This is a great place to apply the maxim "when in doubt, work inside out!" The inner loop does $O(n)$ total work. Since the outer loop runs $O(n)$ times, the total work done is
\[O(n) \text{ iterations} \times \frac{O(n) \text{ work}}{\text{iteration}} = O(n^2) \text{work.}\]

void bargibanti(int n) {
    for (int i = 0; i < n; i++) {
        for (int j = 0; j < n; j++) {
            if (j % 2 == 0) { // j is even
                cout << '*' << endl;
            } else {
                cout << '?' << endl;
            }
        }
    }
}

Solution

This is basically the same code as before, except that the innermost for loop now has an if statement inside it. However, that doesn't matter for our purposes, because the for loop does $O(1)$ work regardless of which branch we take.

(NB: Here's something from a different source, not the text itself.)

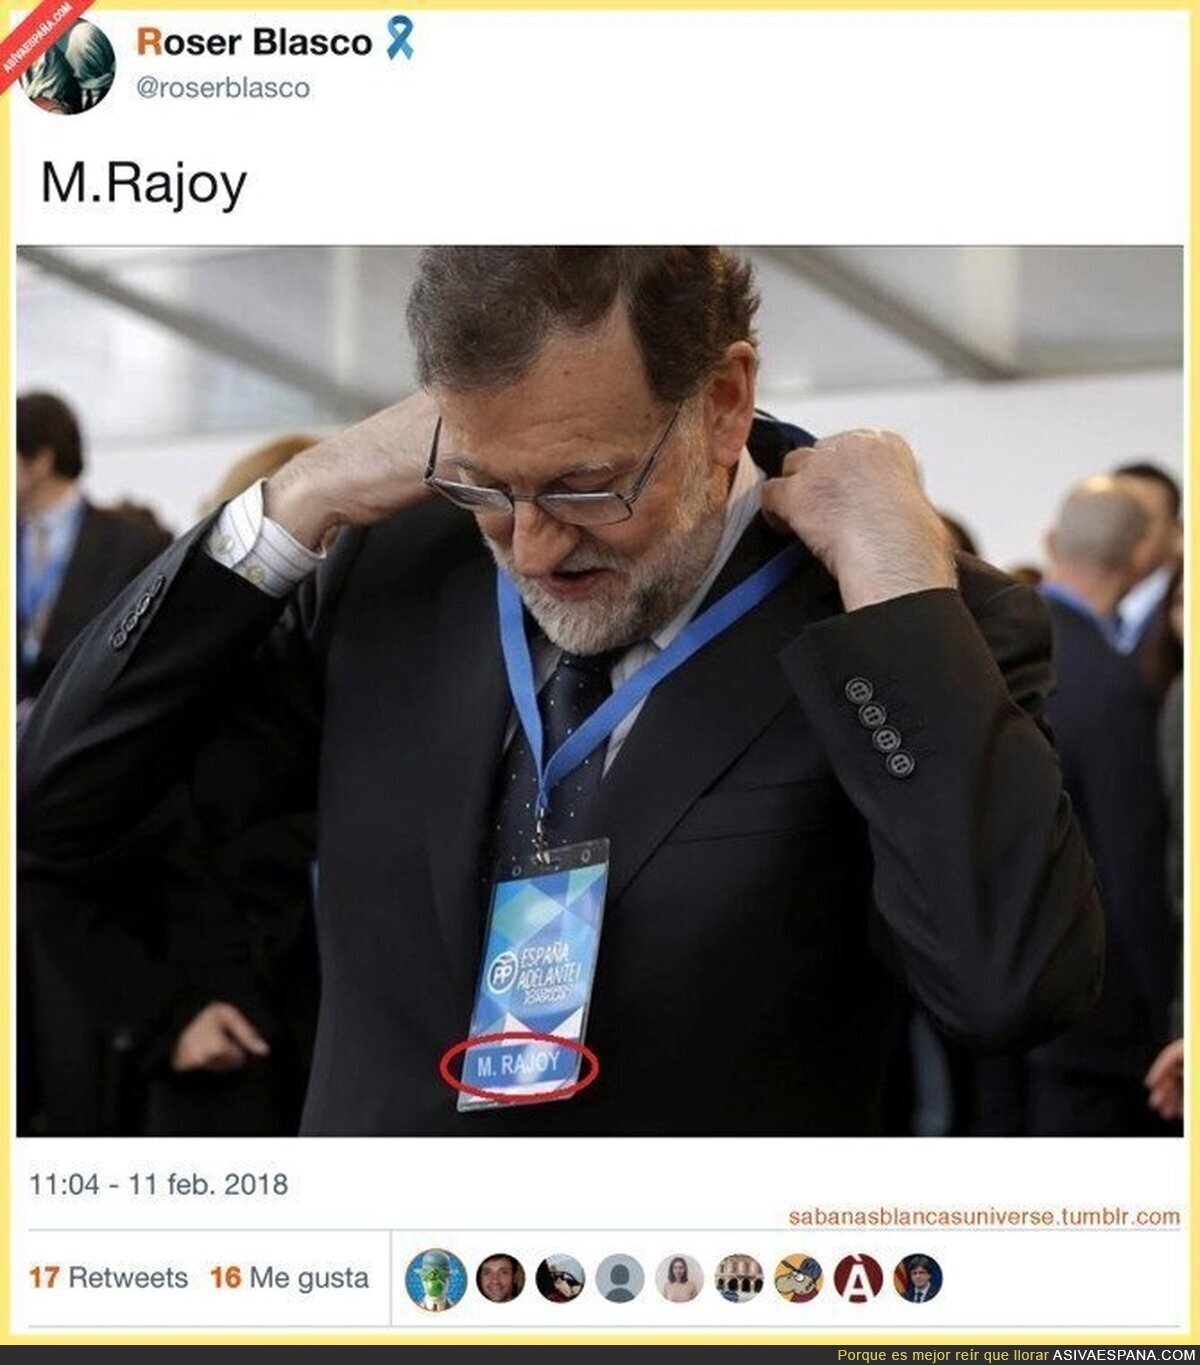 Se confirma la identidad de M. Rajoy
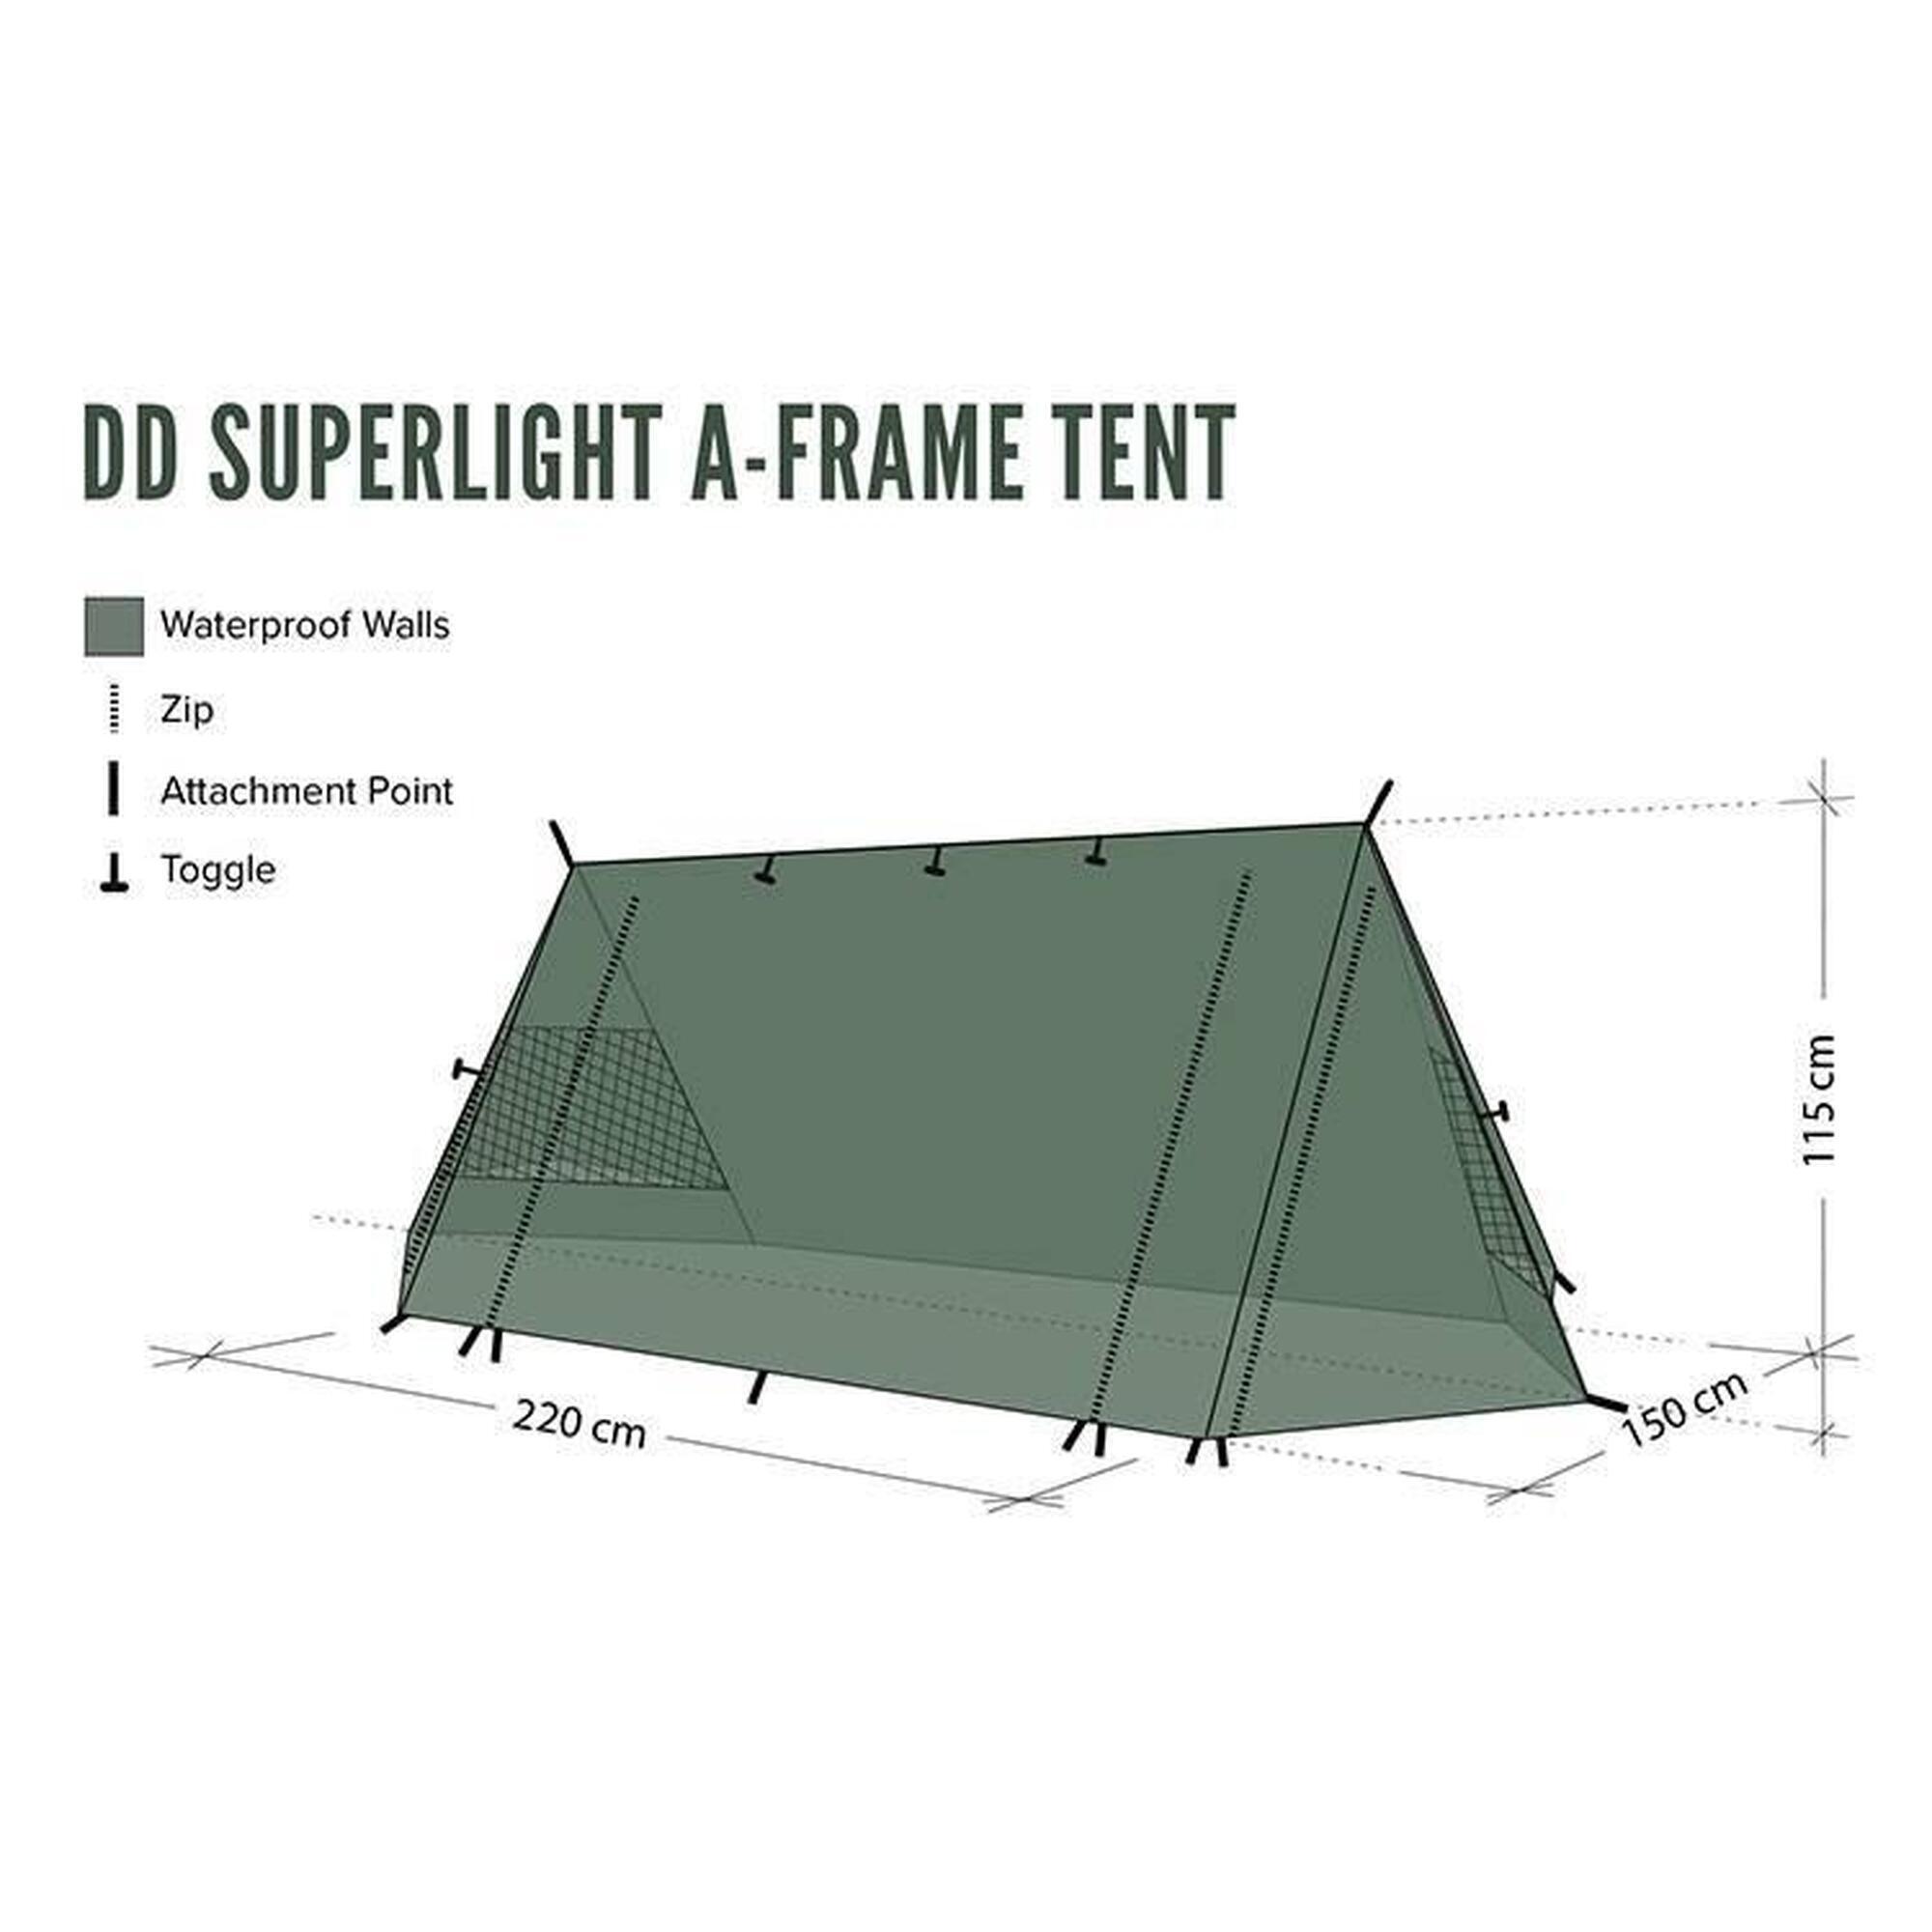 DD Hammocks Superlight A-Frame Tent Tunneltent

The code therefore still runs in time $O(n^2)$.

void breviceps(int n) {
    for (int i = 0; i < n; i++) {
        for (int j = 0; j < n; j++) {
            if (j % 2 == 0) { // j is even
                cout << '*' << endl;
            } else {
                for (int k = 0; k < n; k++) {
                    cout << '?' << endl;
                }
            }
        }
    }
}

Solution

Now things get a bit more interesting. Notice that the loop on $k$ does $O(n)$ total work, so we can rewrite the code like this:

void breviceps(int n) {
    for (int i = 0; i < n; i++) {
        for (int j = 0; j < n; j++) {
            if (j % 2 == 0) { // j is even
                cout << '*' << endl;
            } else {
                // do O(n) work
            }
        }
    }
}

Now, notice that half the time, the loop on $j$ does $O(1)$ work (when $j$ is even), and the other half the time it does $O(n)$ work (when $j$ is odd). Based on that, how much work does the loop on $j$ do? The $j$ loop runs a total of $O(n)$ times. Half of those times it'll be even, and half the times it'll be odd (roughly). Since half of $O(n)$ is still $O(n)$, this means that there are $O(n)$ iterations where the loop does $O(1)$ work, and there are $O(n)$ iterations where it does $O(n)$ work. Collectively, this means that we do $O(n) \times O(1) + O(n) \times O(n) = O(n^2)$ total work in the $j$ loop, so we can rewrite our code like this:

void breviceps(int n) {
    for (int i = 0; i < n; i++) {
        // do O(n^2) work
    }
}

Across all $n$ iterations of the outer loop, we therefore do a total of $O(n^3)$ work.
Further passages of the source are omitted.